On Saturday, 4 August 2018 at 07:34:49 UTC, Manu wrote:
On Fri, 3 Aug 2018 at 18:50, Laeeth Isharc via Digitalmars-d
<digitalmars-d@puremagic.com> wrote:
On Friday, 3 August 2018 at 22:55:51 UTC, Rubn wrote:
>
> The difference is they would have to rework their existing
> code. If you are writing D source code bindings for your
> code, then you are essentially writing new code. You don't
> have to worry about backwards compatibility.
Why would you write bindings if the computer can do it for
you, better, faster and consistently?
Faster and consistently, sure. But I don't think 'better' is
possible.
From my experience, in many cases, C++ really doesn't express
well in
D by direct translation. I tend to do significant massaging of
the C++
helper material to improve the experience from D.
Usually C++ libs have a lot of helper material in the form of
macros,
little template utilities, inline wrappers, and they can almost
always
be expressed more nicely in D with some tweaking.
I often also insert some additional inline D helpers/wrappers
nearby
the externs, which help adapt the signatures; ie, apply some
attributes, or make a slice-based API that transforms to
ptr+len args,
maybe implement a range helper, that sort of thing.
The goal is to make the API attractive such that a user is
compelled
to prefer interacting with the lib from D than from C++.
C++ namespaces interfere with overload resolution in
particular, and
that makes this goal harder.
It probably depends on your use. If you're just calling a C++
lib, and
wrap it up in a box for use in your local code, a machine
translation
for the API might be fine. I'd call that 'making use of a
feature
lib'.
If you are linking to a lib that is a fundamental part of your
application infrastructure, you absolutely must do significant
manual
work to make the C++ code express nicely to D, otherwise the
user-experience interacting with the C++ api from D will be
worse than
just using C++.
If the C++ experience is better than from D, then D experience
ceases
to exist as no case can be made to prefer D over C++, the
project is
moot, and I have wasted my time.
The D experience must not just be equal to the C++ experience,
it must
typically be substantially better in a variety of ways, and I
have
never been able to have such an experience interacting with C++
without making some manual effort towards quality bindings.
The current namespace mechanics put SOOO much more strain on
that goal
than is necessary.
One other important feature of quality bindings, is that the
binding
itself must be readable and maintainable.

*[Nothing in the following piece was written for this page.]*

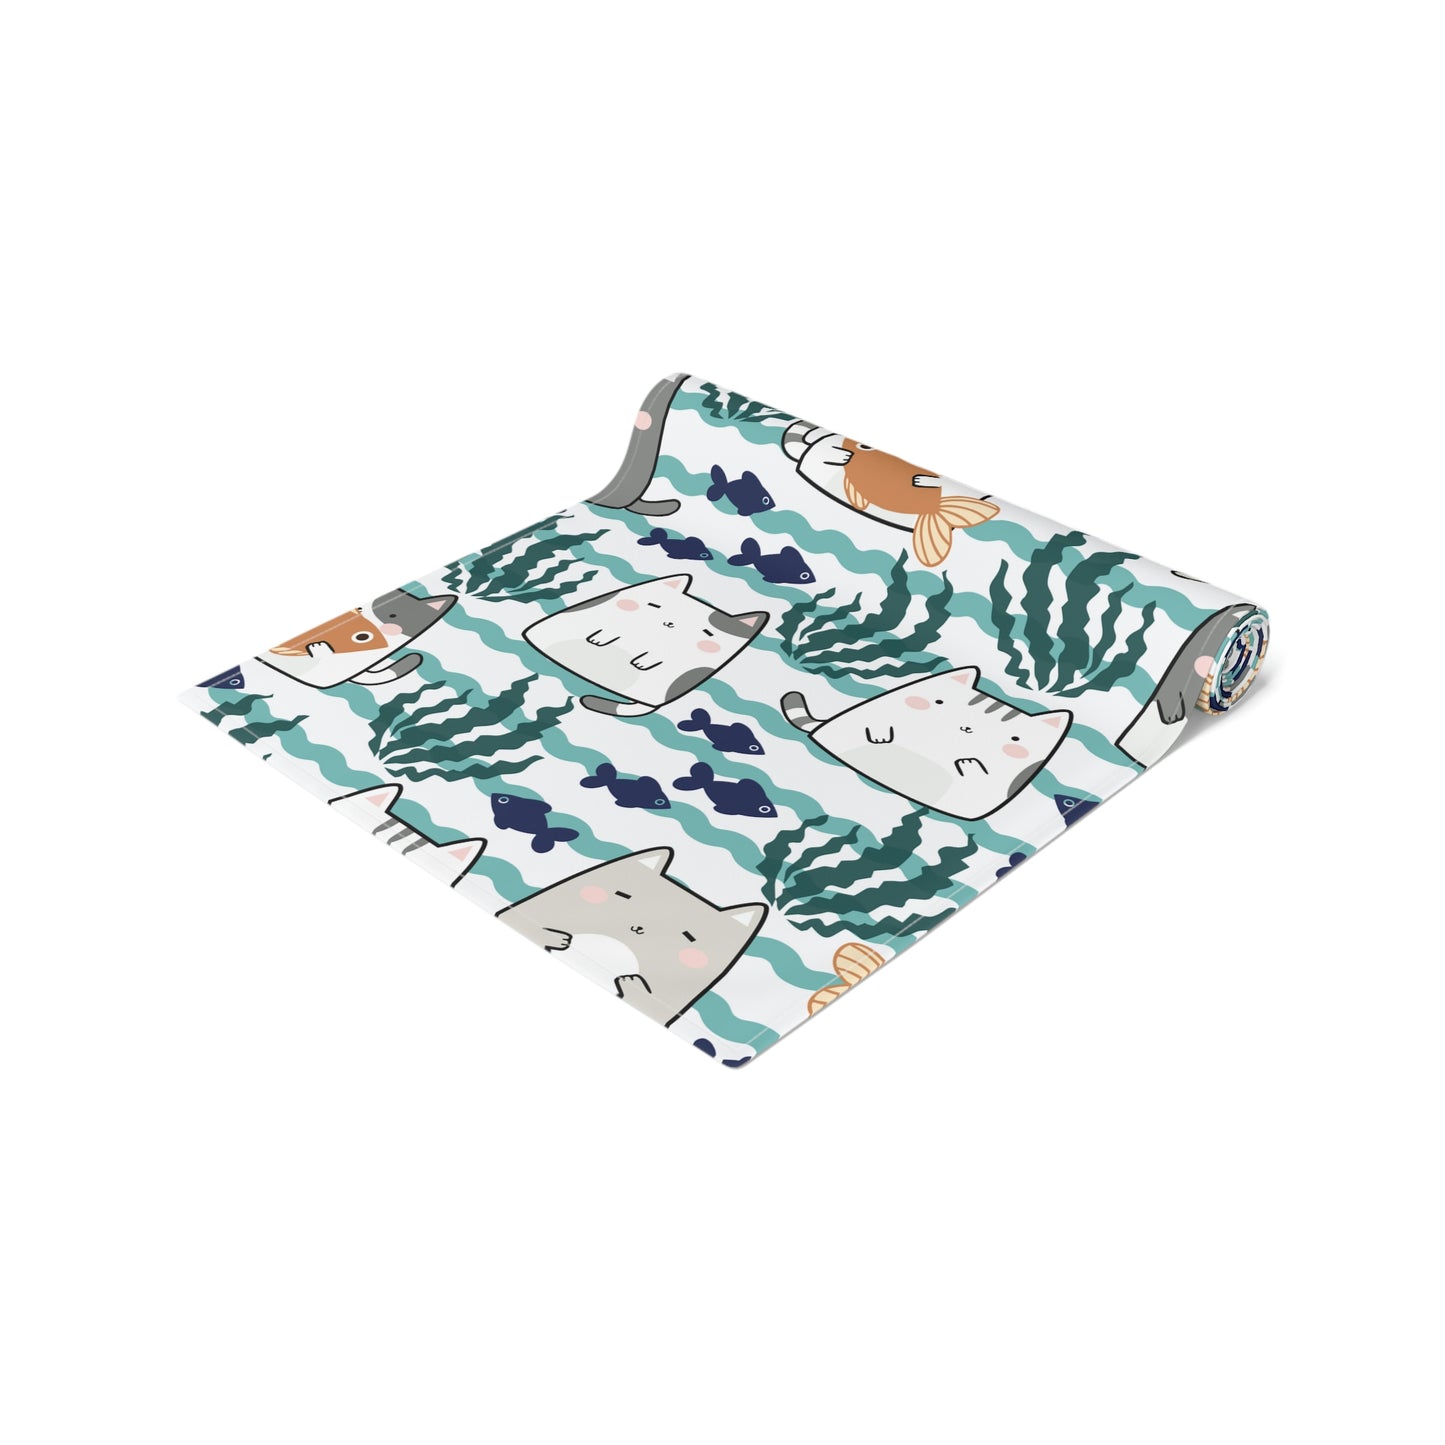 Kawaii Cats and Fishes Table Runner (Cotton, Poly)
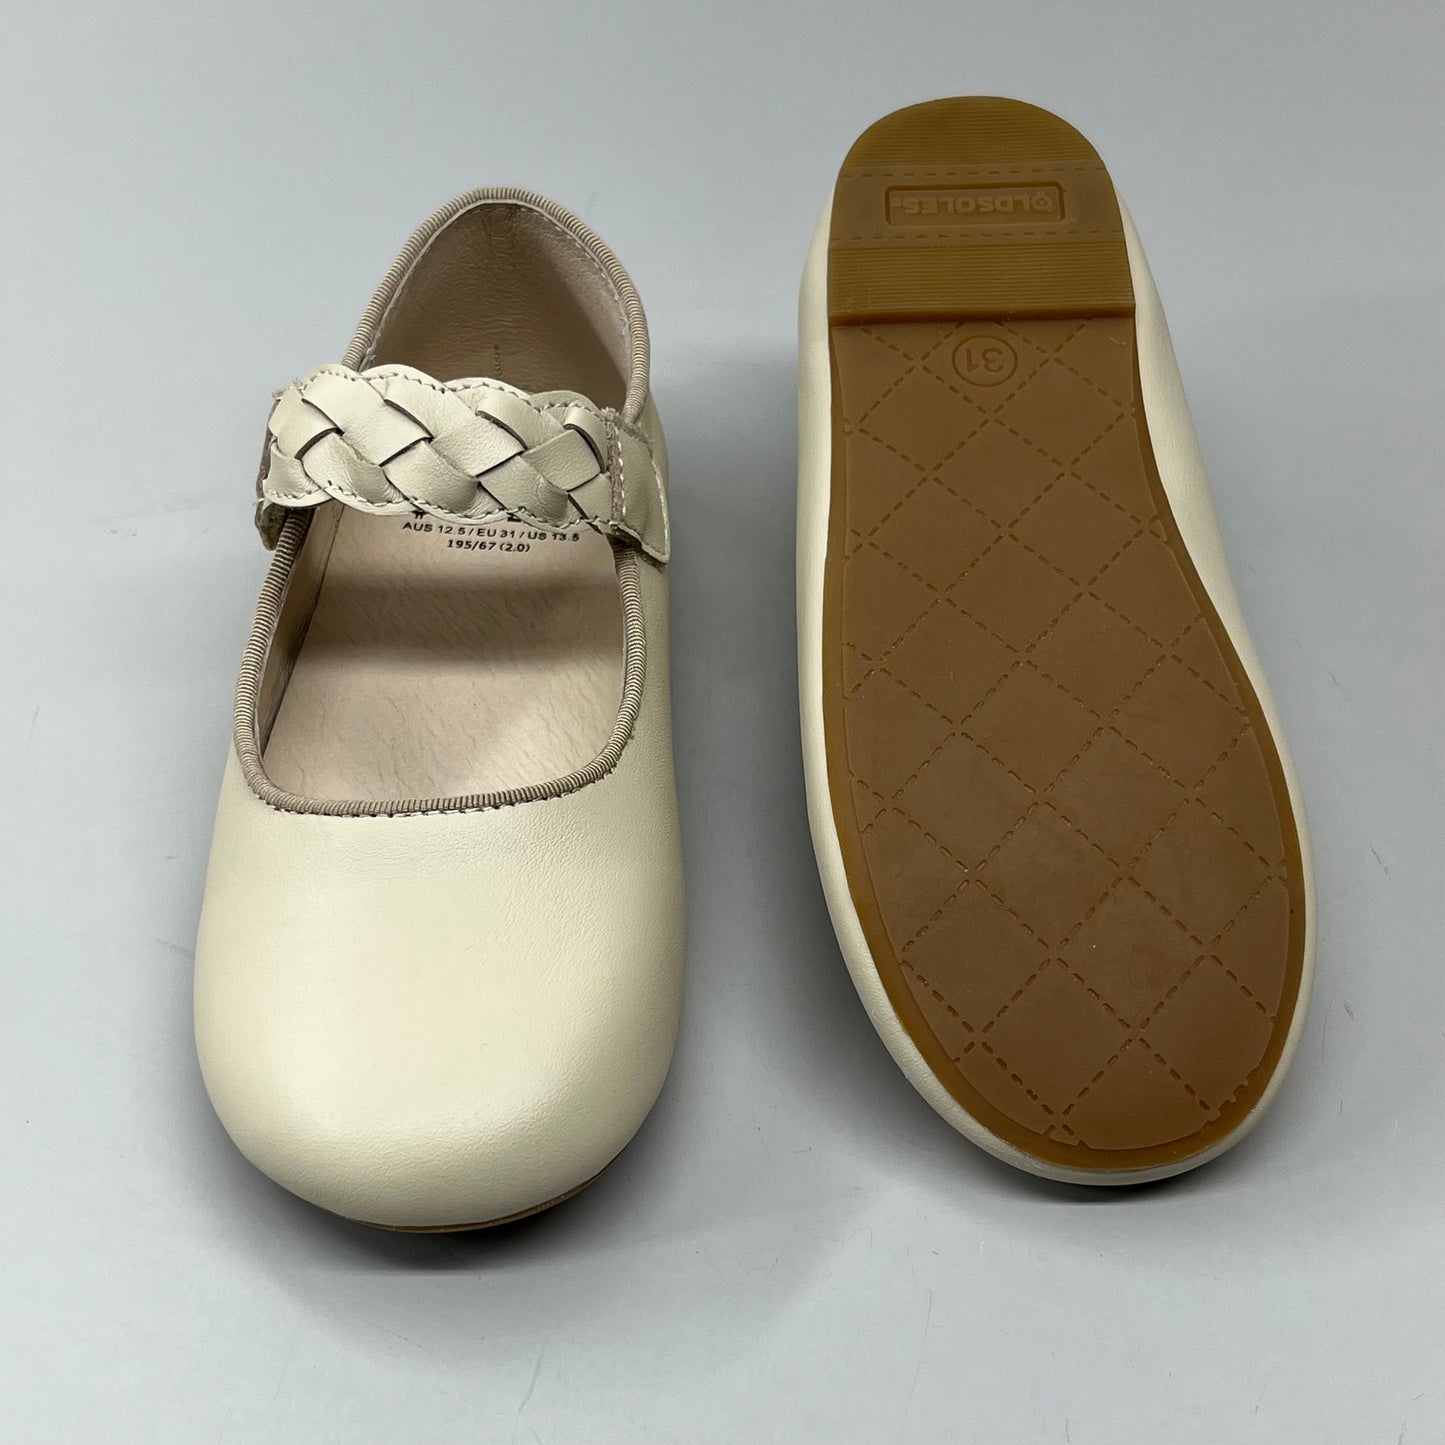 OLD SOLES Lady Plat Braided Strap Leather Shoe Kid’s Sz 31 US 13.5 Cream #817

The binding itself is
the
very first showcase to C++ programmers of how their API's could
be
better in D. It must be well organised (like normal D code),
and the
current situation with boilerplate invading the works is
destructive
toward that end.
Of course, thanks to this namespace situation, when involving
with
these hideous workarounds, they are usually objectively NOT
better in
D, and C++ programmers do indeed recognise that immediately.
Would it be inaccurate to make a distinction between bindings and
wrappers ? It's always going to be less pleasant to call even C
bindings from D then an idiomatic D wrapper written on top.
But if you have automatically generated bindings then you can put
the effort into the wrappers and it's easier to do the latter
incrementally.
And being able to use a library at all even if slightly
unpleasantly without having to pay a big price up front beats
having no choice. At least for us the sequencing of cost matters
more than the total cost, and the calendar time element of cost
to being able to write a passable and useful first version is
more important than the pecuniary element.
We have many more people who are not C++ programmers but express
their ideas in D then we do people who know C++ pretty well.
BTW I almost think the D Foundation should organise a library
wrapping as a service marketplace ;). Lots of people in the
community are open to remote work part or full time. But the
cost is in finding the right people and also to some extent
supervising and organising the design and work. That could be
just another forum in the beginning.